Не хочет он кануть жертвой. «Нет, нет, наш путь иной и крест не нам нести». Эстетически чуткий Аполлон Григорьев, вызывающе самостоятельный, гордый и — слабый, неприкованный, неприкаянный… Почему они с Шелгуновым заменили букву в его стихе? Так беспечно, лихо, всего-навсего одну букву — и совершенно переиначили смысл. «Не нам нести», — вставили они в лист, а у Аполлона Григорьева «не вам»! Полихачили, ослепленные надеждой, а ведь можно было предвидеть, нетрудно было уразуметь: не вам нести, не Европе, а именно нам, России, придется нести крест подвижничества, — когда новое вино наливать станут в новые мехи.
«Проходит наша волна, — говорит Чернышевский. — И пройдет. А потом будет новая, круче нашей. И опять пройдет, снова будет спад. И снова подъем и еще покруче. Пока не снесет тиранию монархов. Настанет новая эра. И опять будут новые волны…»

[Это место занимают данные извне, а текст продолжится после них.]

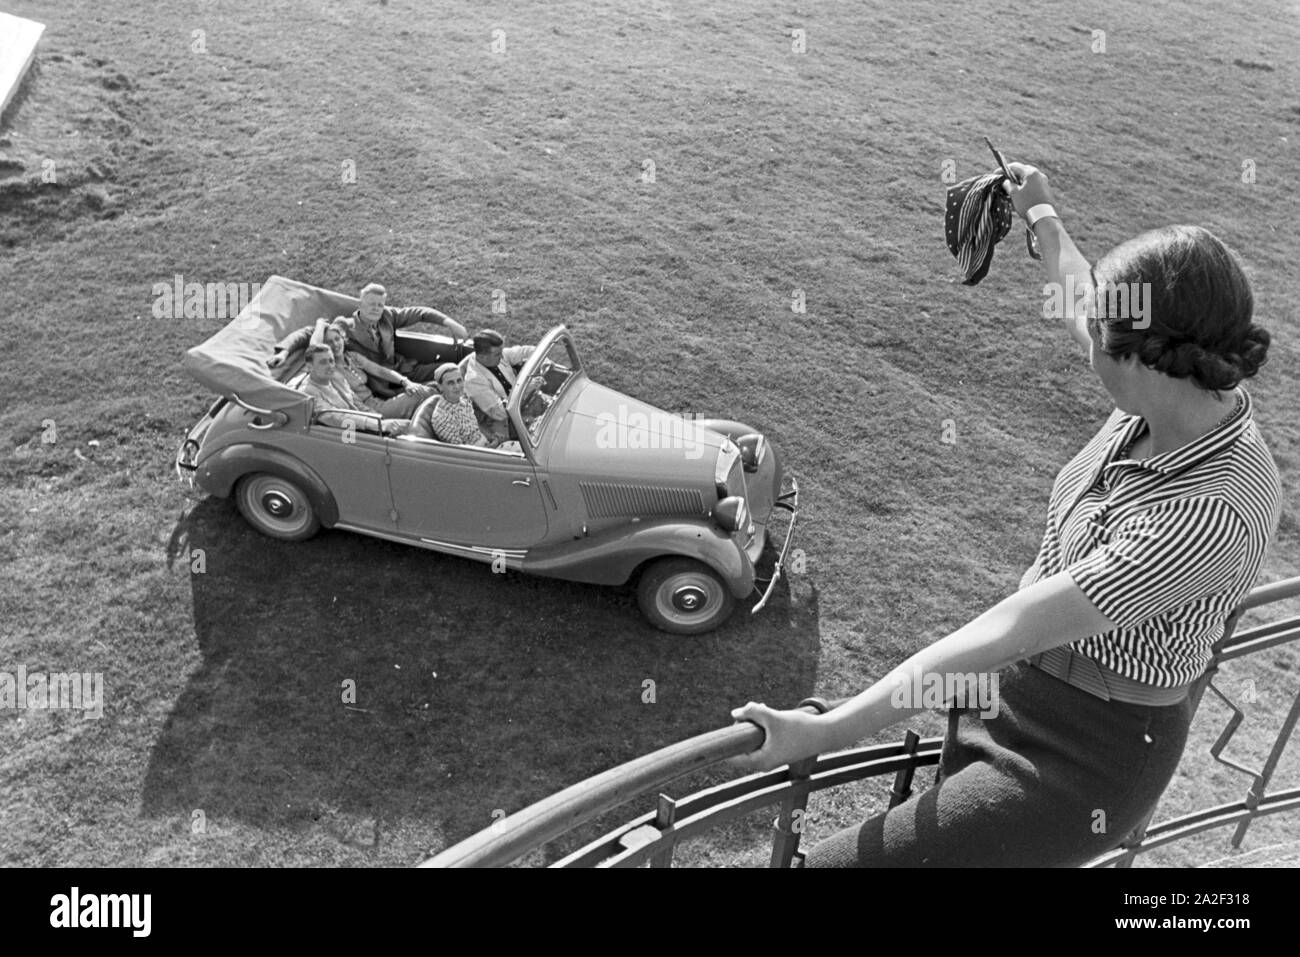 Junge leute bei einem Ausflug mit den Cabrios auf den Berg im Mittleren Schwarzwald Brend, Deutschland 1930 er Jahre. Les jeunes sur un voyage avec leur camion sur la colline de Brend la Forêt-Noire, Allemagne 1930. Banque D'Images
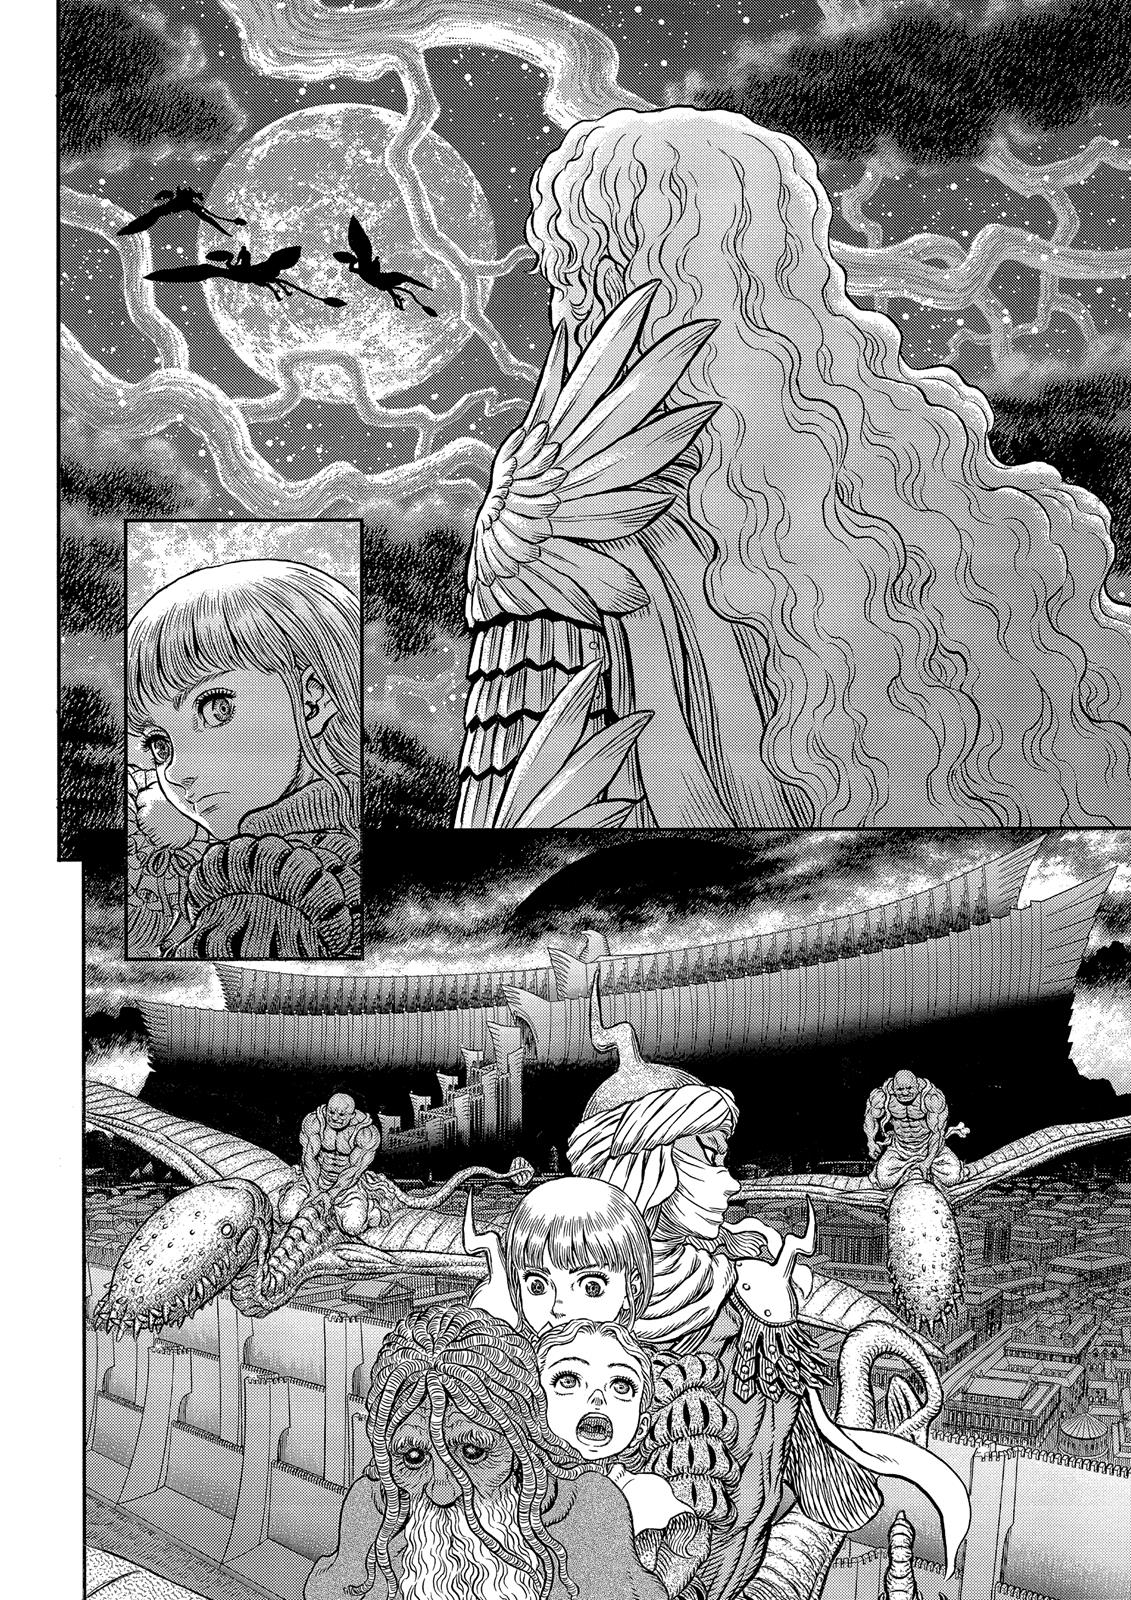 Berserk Manga Chapter 341 image 21

Проходит наша волна. И ей самой не понять, благо она несла или зло, — она всего лишь волна, стихия. Поднялась и опала, ушла в песок.
Ушла бы… но самодержавие поставило заслон, волна ударила по нему, — и Россия услышала шум прибоя.
Откуда в море, из какой точки, начинаются волны? Найди попробуй. Они жили с ощущением кануна революции — вот-вот грянет, — не замечая, что живут в самой революции — общественной, породившей новую Россию, новую силу — разночинную на смену дворянской.
Он жаждал революции, верил в нее слепо и не мог видеть, предугадать результата, — просто знал, что далее терпеть такую жизнь невозможно. И теперь отчаивался, слушая Чернышевского, суровые, честные, жестокие слова его о том, что не может русская революция сразу дать народу свободу, будут новые угнетения и новые перевороты, и революционеры будут вновь и вновь погибать, вновь и вновь воскресать. «Но иного пути нет».
А сейчас Михайлову надо копить силы и чеканенную свободу. Авось помогут Ураковы. Выйдя на поселение, он соберет школу, будет учить детей, сеять разумное, доброе, вечное и… получать серебром за урок. Он составит книгу стихов своих и иностранных поэтов, ведь все время в каторге он переводил Гете, Шиллера, Беранже, Мицкевича, Шевченко, Петефи, Томаса Гуда, перевел Бернса «Ухожу я, Джен, — таю, как снег в поле», и снова Гейне: «Я это знал. Все это снилось мне: и ночь в твоей сердечной глубине, и грудь твою грызущая змея, и как несчастна ты, любовь моя!»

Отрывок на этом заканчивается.